> **WORK INSTRUCTION**
Copy out all the lines of the data precisely, omitting any pictures.

> **INFORMATION SUPPLIED**
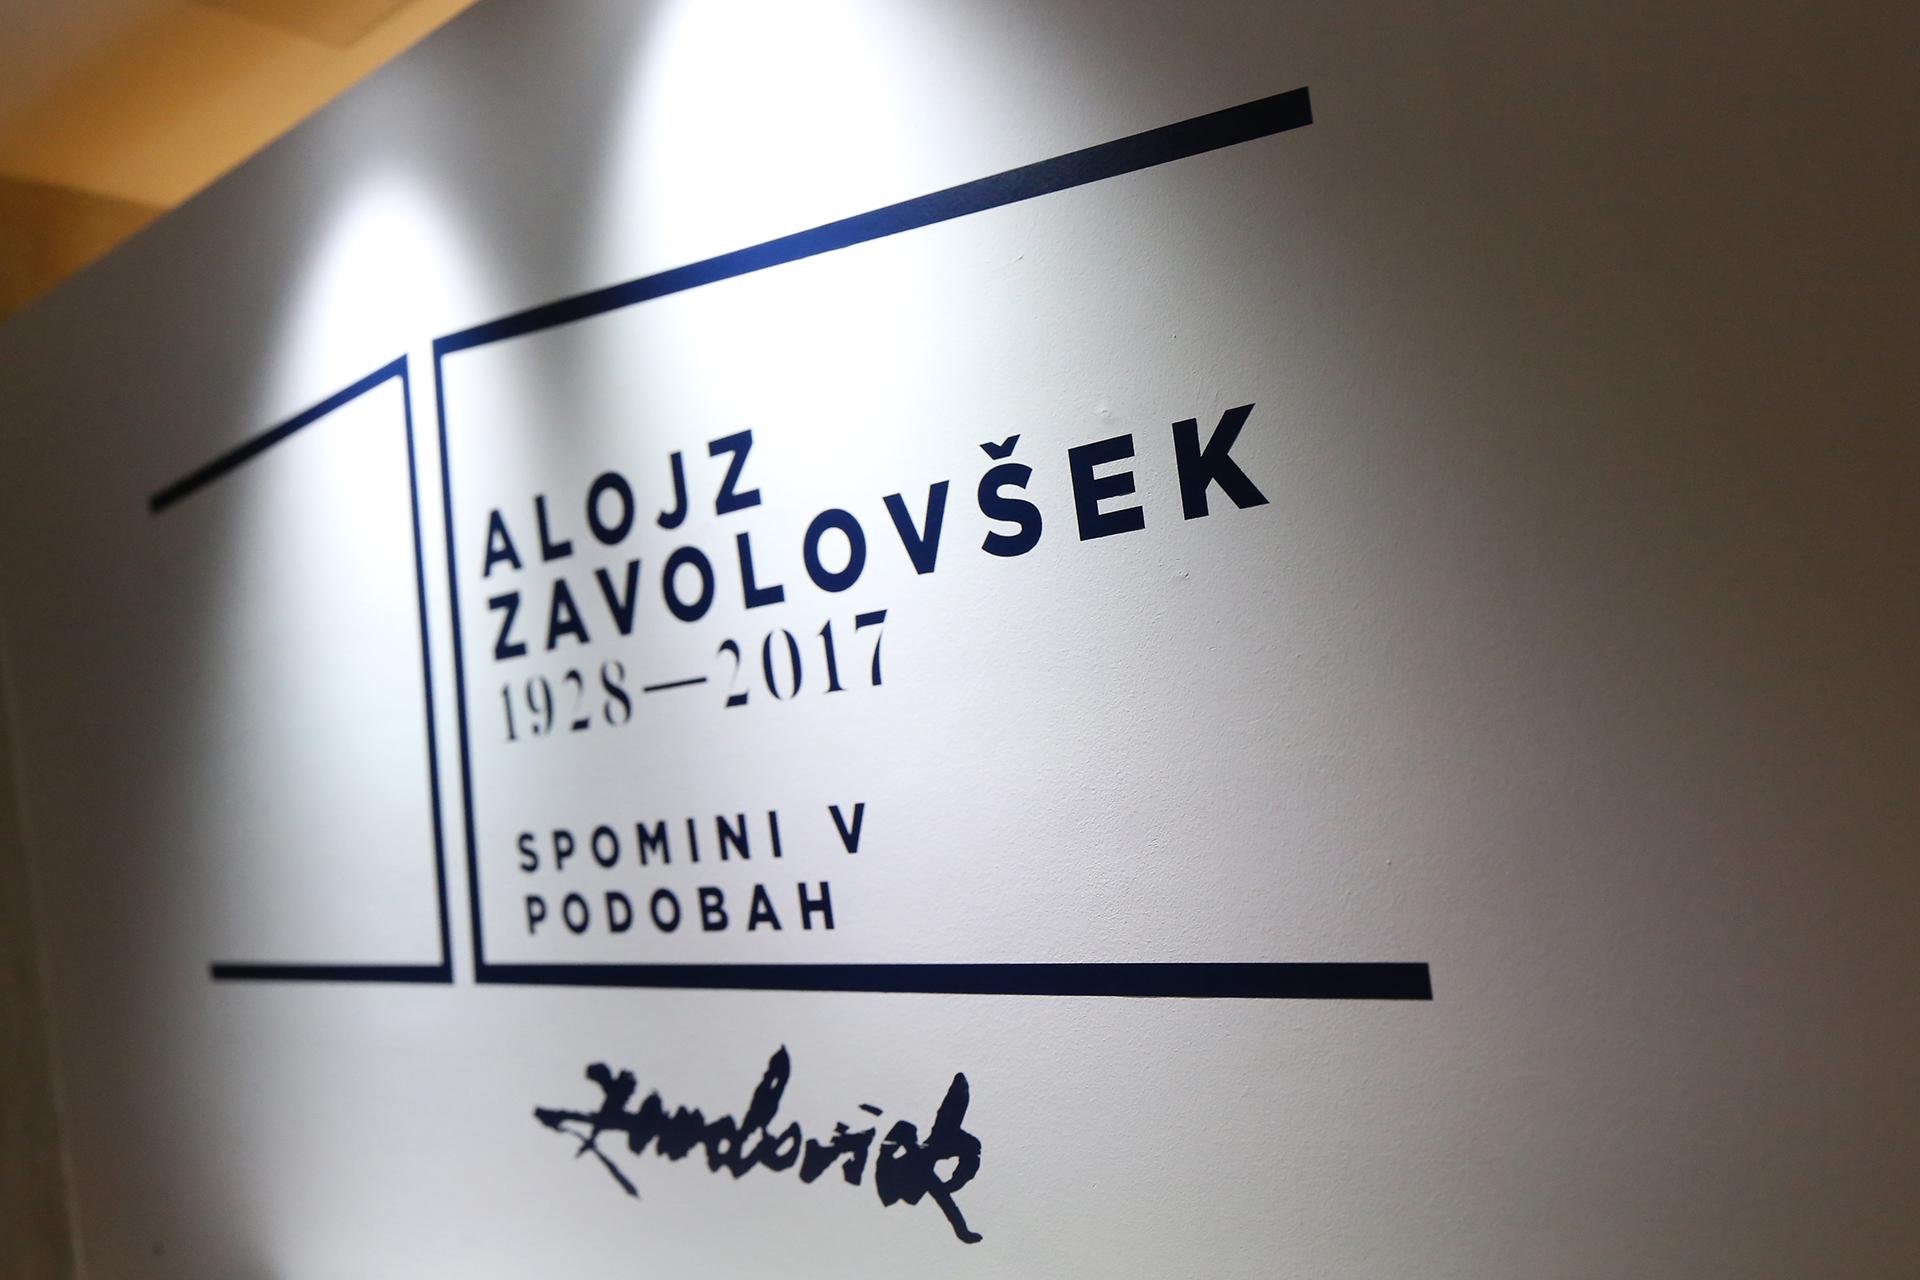 razstava_zavolovsek_galerija_velenje_marko_marinsek_studio_ma-ma_13
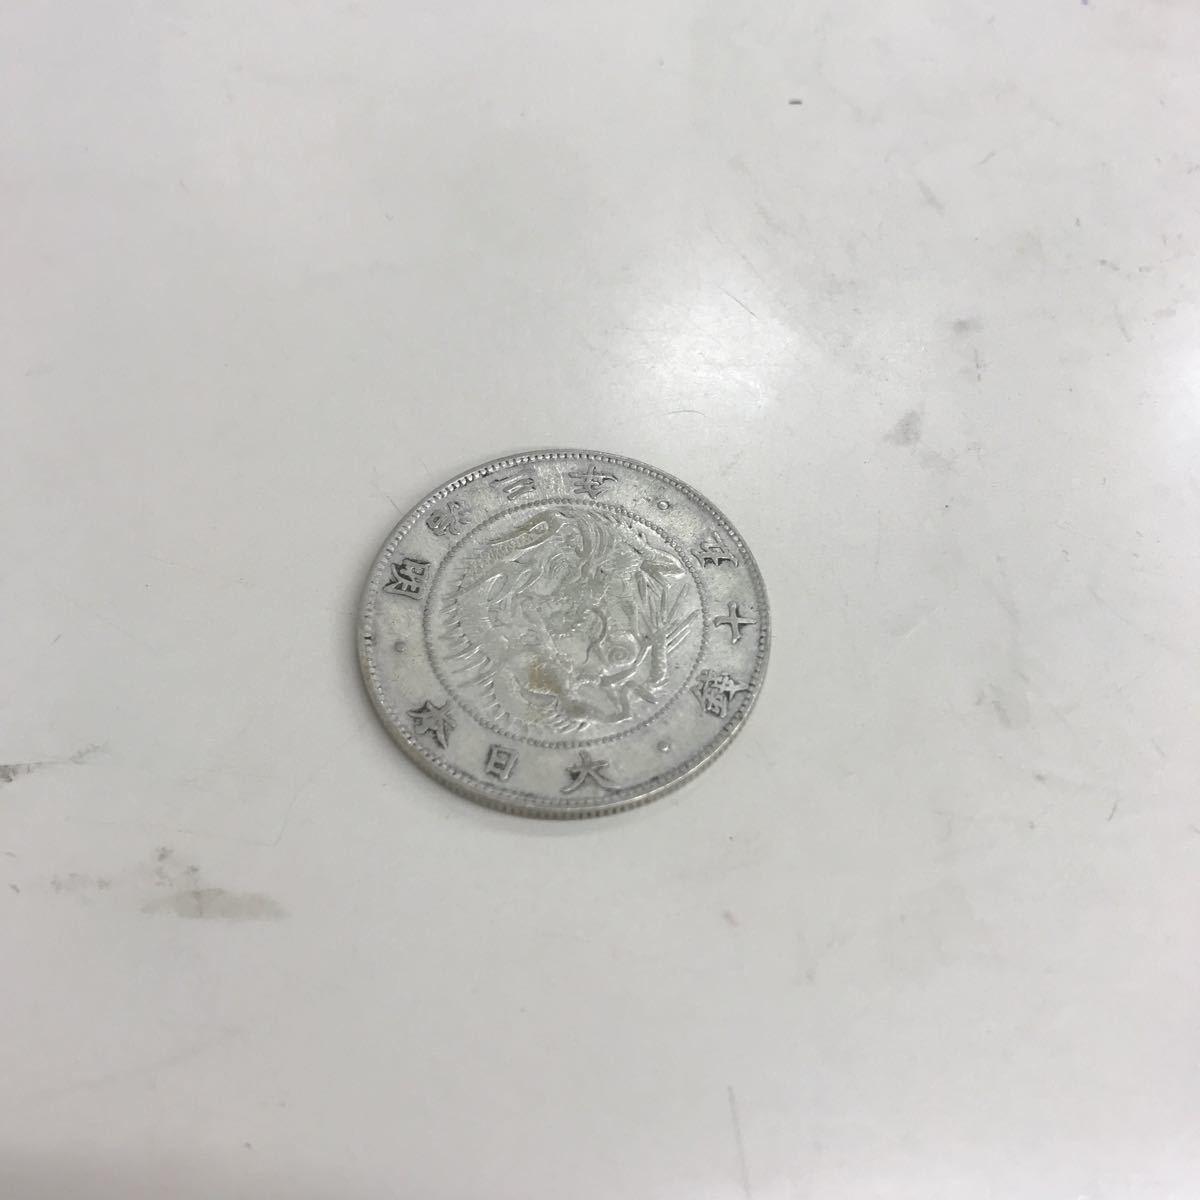 C418 【アンティーク】旭日竜大型50銭銀貨 明治3年_画像1
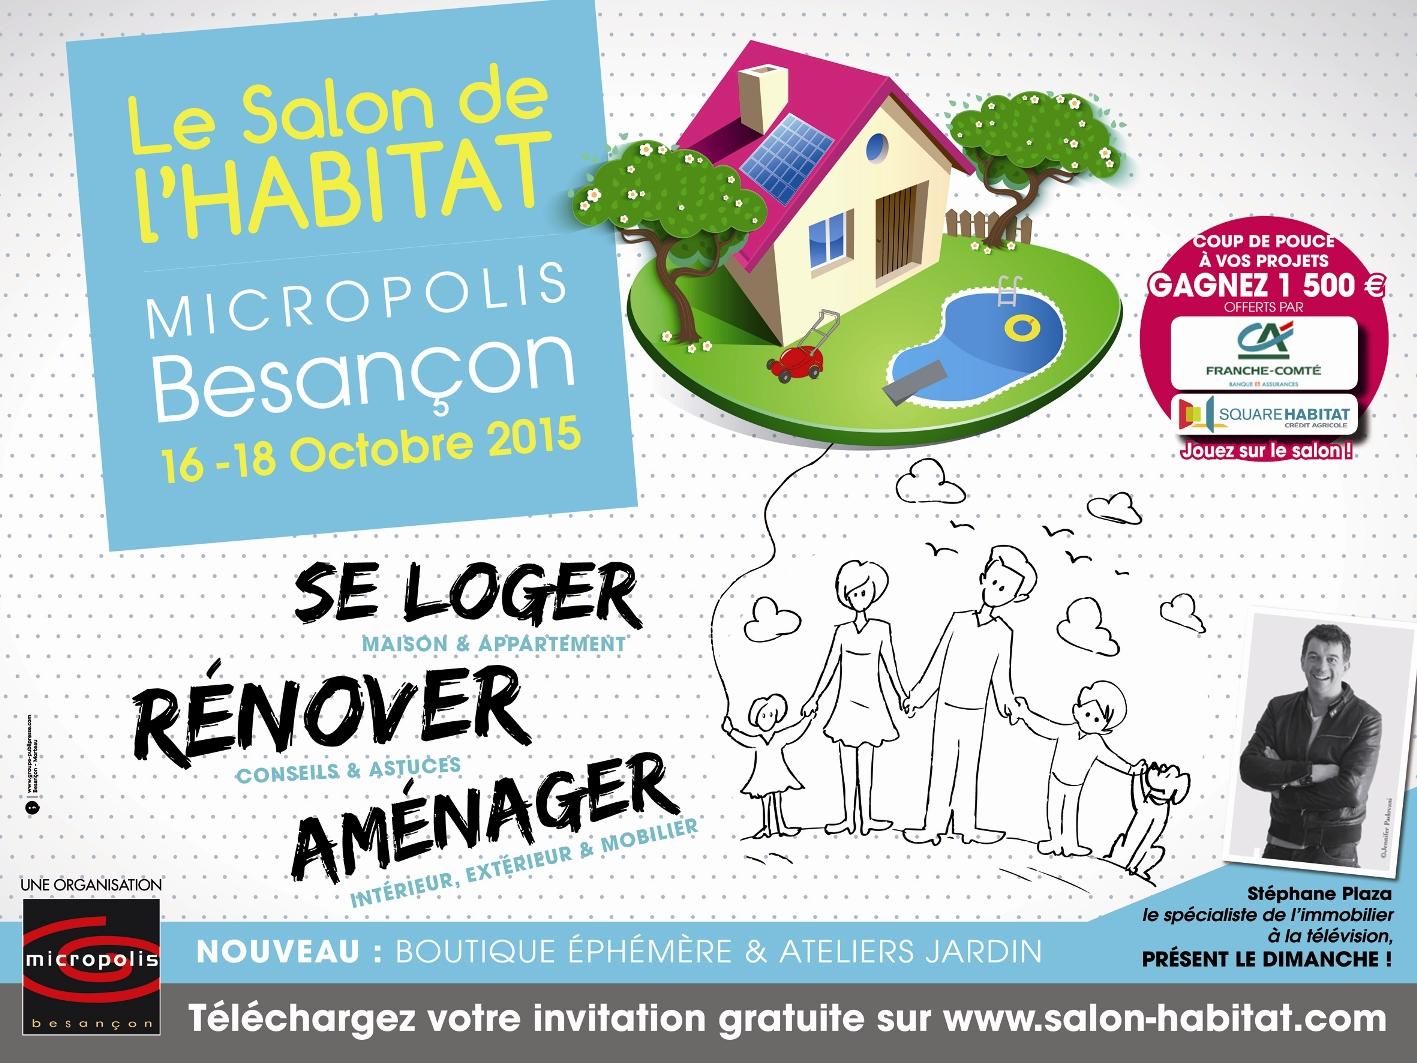 Maitrise d 39 oeuvre batiment salon habitat besan on 2014 - Salon habitat besancon ...

> **WRITTEN REPLY**
 razstava_zavolovsek_galerija_velenje_marko_marinsek_studio_ma-ma_13
 C418 【アンティーク】旭日竜大型50銭銀貨 明治3年_画像1
 Maitrise d 39 oeuvre batiment salon habitat besan on 2014 - Salon habitat besancon ...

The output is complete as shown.